Stanford has just published, in April 2026, its annual AI Index Report. It's the most complete radiography of the sector we have today. It talks about adoption (53% of the world's population uses generative AI, a speed greater than the PC's and the internet's), about global investment (581.7 billion dollars in 2025, double the previous year), about the closing gap between the United States and China (Anthropic barely 2.7% ahead of the most powerful Chinese model), about documented incidents (362 in 2025, up from 233 in 2024). It's hard information, with methodology, accessible, in a consultable format. How many articles in Spanish have translated that report with serious analysis? Barely a handful in specialist outlets and almost always as a literal translation of the Anglo-American headline. Whoever searches "AI Index 2026" in Spanish finds three-paragraph summaries and back to the listicle.

The operational difference is brutal. A reader who wants to understand what's really happening with AI in 2026 has two options. One: read in English Ben Thompson at Stratechery, Casey Newton at Platformer, the long reports of 404 Media, the technical analyses of MIT Technology Review, the annual reports of Stanford HAI, the papers of FAccT and NeurIPS. The other: read in Spanish the IBM listicle and learn that AI can be dangerous because "there could be biases" and that the solution "involves implementing governance policies," without that sentence meaning anything concrete.

It's not centrism to say there's an editorial problem. It's description.

The fauna of listicles: a taxonomy with no desire to draw blood

Allow me an H2 with a little more sarcasm, because the material deserves it. If you review the sector methodically, the "10 dangers of AI" listicles can be classified into families. There's the bank listicle —BBVA, Santander— that places much emphasis on data privacy because the bank sells products where privacy is a lever of trust, and much less emphasis on corporate concentration because the bank itself is concentrated. There's the consultancy listicle —Deloitte, KPMG, EY— that emphasizes "implementation risks," precisely the risks for which the consultancy sells service hours. There's the private-university listicle —UNIR, VIU, IEBS, ISDI— where the dangers are stated with pedagogical prudence because the article's close is always "find out about our master's in AI and ethics." There's the cybersecurity-firm listicle —Avast, Malwarebytes, Sentinel— where all the dangers turn out to be, what a surprise, cybersecurity dangers solvable with their product. And there's the tech-giant listicle —IBM, Microsoft, Salesforce— where the danger of AI is always something abstract resolved by adopting "responsible policies," which those same giants happen to offer as a service.

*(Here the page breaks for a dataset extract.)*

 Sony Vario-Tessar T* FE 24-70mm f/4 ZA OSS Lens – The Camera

There's no conspiracy theory here. None is needed. Each company optimizes its content for its sales funnel, the same way each animal optimizes its behavior for its ecological niche. What there is, is an ecosystem. The ecosystem produces an aggregate image of the sector biased in a concrete direction —the sector's own— because the only animals living there are the ones with an incentive to live there. The rest don't appear. Crawford doesn't appear because nobody pays Crawford to appear. Zuboff doesn't appear because her book has seven hundred pages and no SEO team. Hinton doesn't appear because after leaving Google he gives long interviews, not listicles.

And who's going to read Crawford on a Saturday afternoon?

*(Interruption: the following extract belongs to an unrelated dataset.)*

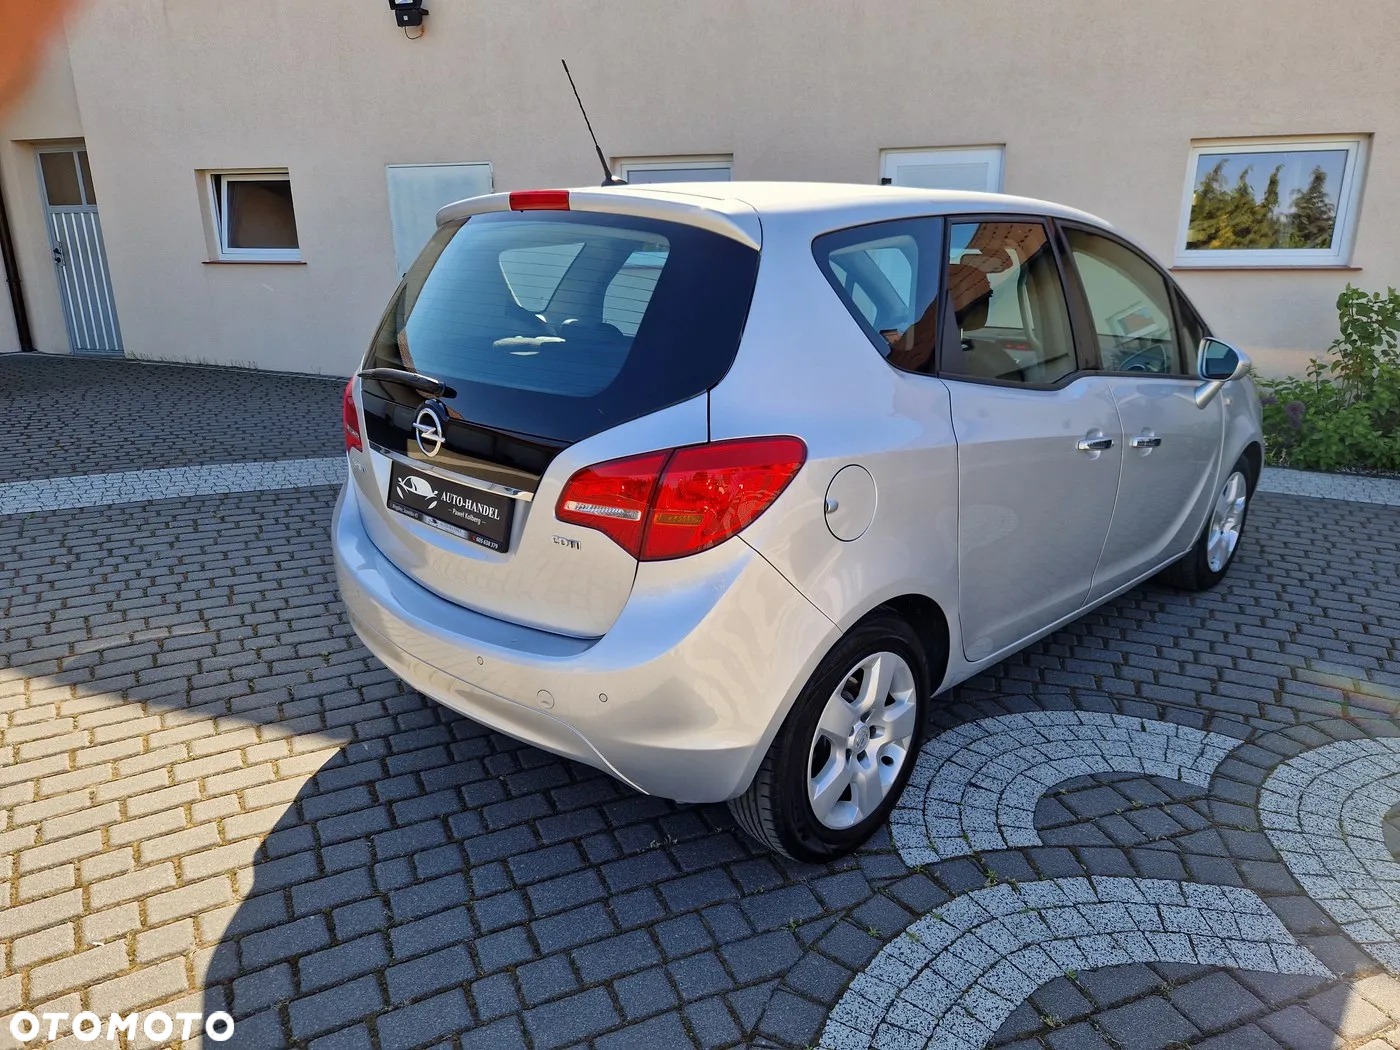 Opel Meriva 1.7 CDTI Automatik Innovation - 7

Here's the final trap, and it's worth naming without moralizing. Serious criticism doesn't reach not only because it doesn't do SEO. Also because it demands of the reader more than the average reader is willing to give. Atlas of AI has 336 pages and a dense academic apparatus. Surveillance Capitalism has 704 pages and two centimeters of footnotes. Weapons of Math Destruction is more accessible but demands patience to understand basic statistics. Superintelligence demands the reader tolerate the vocabulary of analytic philosophy. None of these books reads in fifteen minutes over the mid-morning coffee. None produces reassuring certainties or doses of adrenaline with a striking headline. They produce understanding, which is another thing, and understanding is charged in hours.

The listicle, by contrast, offers the simulacrum of understanding in four minutes. Ten bullets, a circular conclusion, two internal links to related content from the same sender, and you've got an opinion formed. You can go to lunch with the feeling you've thought it through. You haven't thought it through. You took it prefabricated from a site that had an interest in you taking it prefabricated.

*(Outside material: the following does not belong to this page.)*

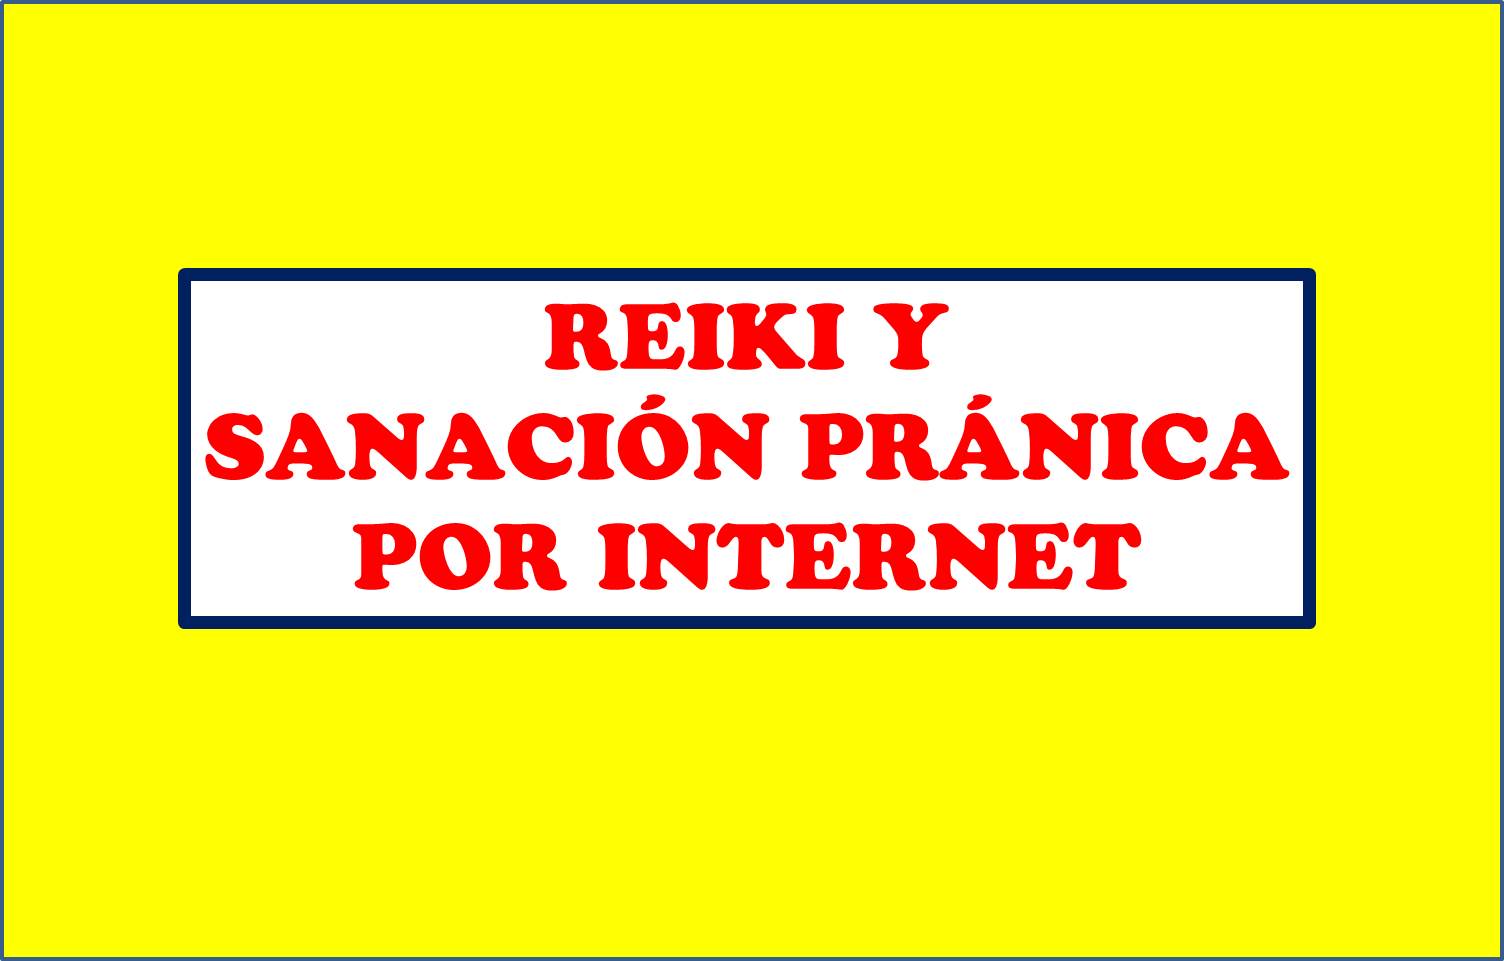 REIKI Y SANACIÓN PRÁNICA POR INTERNET

That's the trap. And breaking it doesn't require becoming an academic reader. It requires, simply, replacing the first reading. Changing the order. Before searching "10 dangers of AI," read a long interview with Crawford. Before searching "risks of ChatGPT," read a chapter of Zuboff. Before searching "disadvantages of AI," read the whole AI Index —in English, yes, with a translator if needed— and come back with concrete questions. The SERP changes when what you search for changes. And what you search for changes when you stop accepting the frame the SERP itself offers you.

The problem isn't what IBM says, it's who we let speak

The public conversation about AI in Spanish isn't biased. Biased would imply there's a balance to correct. What there is, is something stranger: a market full of vendors where the reader has been convinced they're reading independent press. The operation is elegant. When IBM publishes "10 ai dangers and risks" —that's literally the slug of the original post in English— and positions it at the top of critical searches, it isn't lying about the dangers. Some dangers are real. What IBM does is choose which dangers are visible and which aren't. Which get mentioned and which get omitted. Which need "solutions we offer" and which would require structural reforms of the sector in which IBM would lose.

That selection is the real content. Not the bullets. The selection.

When the entire ecosystem is dominated by vendors doing selection, what comes out aggregated isn't information: it's advertising. Well written, balanced in appearance, full of surface nuances, but advertising. The reader who doesn't see it leaves convinced they already know what there is to know. The reader who sees it discovers they have to go looking elsewhere.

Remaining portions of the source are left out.